Last time I was doing image processing in C I was doing quantization of the colorspace using the technique out of a paper from 1982. Just because a source is old doesn't mean it is wrong.
It doesn't mean it's wrong. Like partial derivatives are centuries old. But we are moving on. Just recently I've seen a book on image recognition. While recent it was focused on math and not a word about NN. That looked so outdated. Someone spent the whole carer on this way. Another example would be linguistic approach to text translation. 'Stupid' LLM does it way better today. I can only guess how pro linguists feel about it.
Yes, those methods are old, but they’re explainable and much easier to debug or improve compared to the black-box nature of neural networks. They’re still useful in many cases.
Only partially. The chapters on edge detection, for example, only have historic value at this point. A tiny NN can learn edges much better (which was the claim to fame of AlexNet, basically).
That absolutely depends on the application. "Classic" (i.e. non-NN) methods are still very strong in industrial machine vision applications, mostly due to their momentum, explainability / trust, and performance / costs. Why use an expensive NPU if you can do the same thing in 0.1 ms on an embedded ARM.
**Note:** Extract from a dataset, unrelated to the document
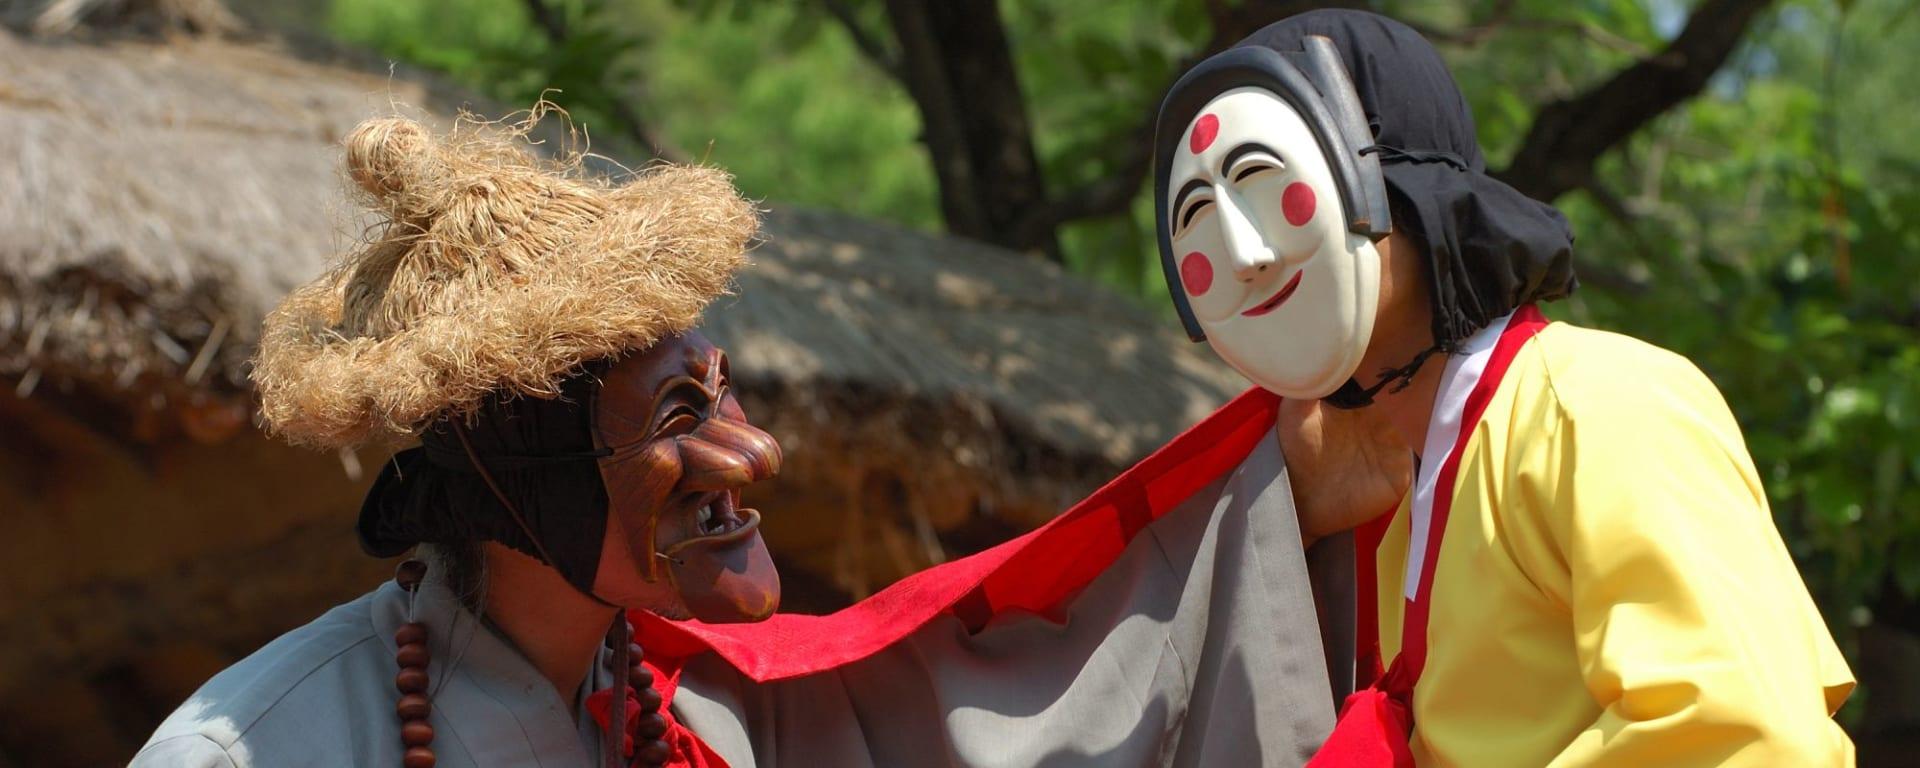 Gruppenreise «Südkorea - Land der Morgenstille» ab Seoul: Andong: Mask dance

A NN that has been trained by someone else on unknown data with unknown objectives and contains unknown defects and backdoors can compute something fast, but why should it be trusted to do my image processing?
Even if the NN is built in-house overcoming trust issues, principled algorithms have general correctness proofs while NNs have, at best, promising statistics on validation datasets.
This doesn’t match my experience. I spent a good portion of my life debugging SIFT, ORB etc. The mathematical principles don’t matter that much when you apply them; what matters is performance of your system on a test set.
Turns out a small three-layer convnet autoencoder did the job much better with much less compute.
You cannot prove that an algorithm does what you want, unless your understanding of what you want is quite formal.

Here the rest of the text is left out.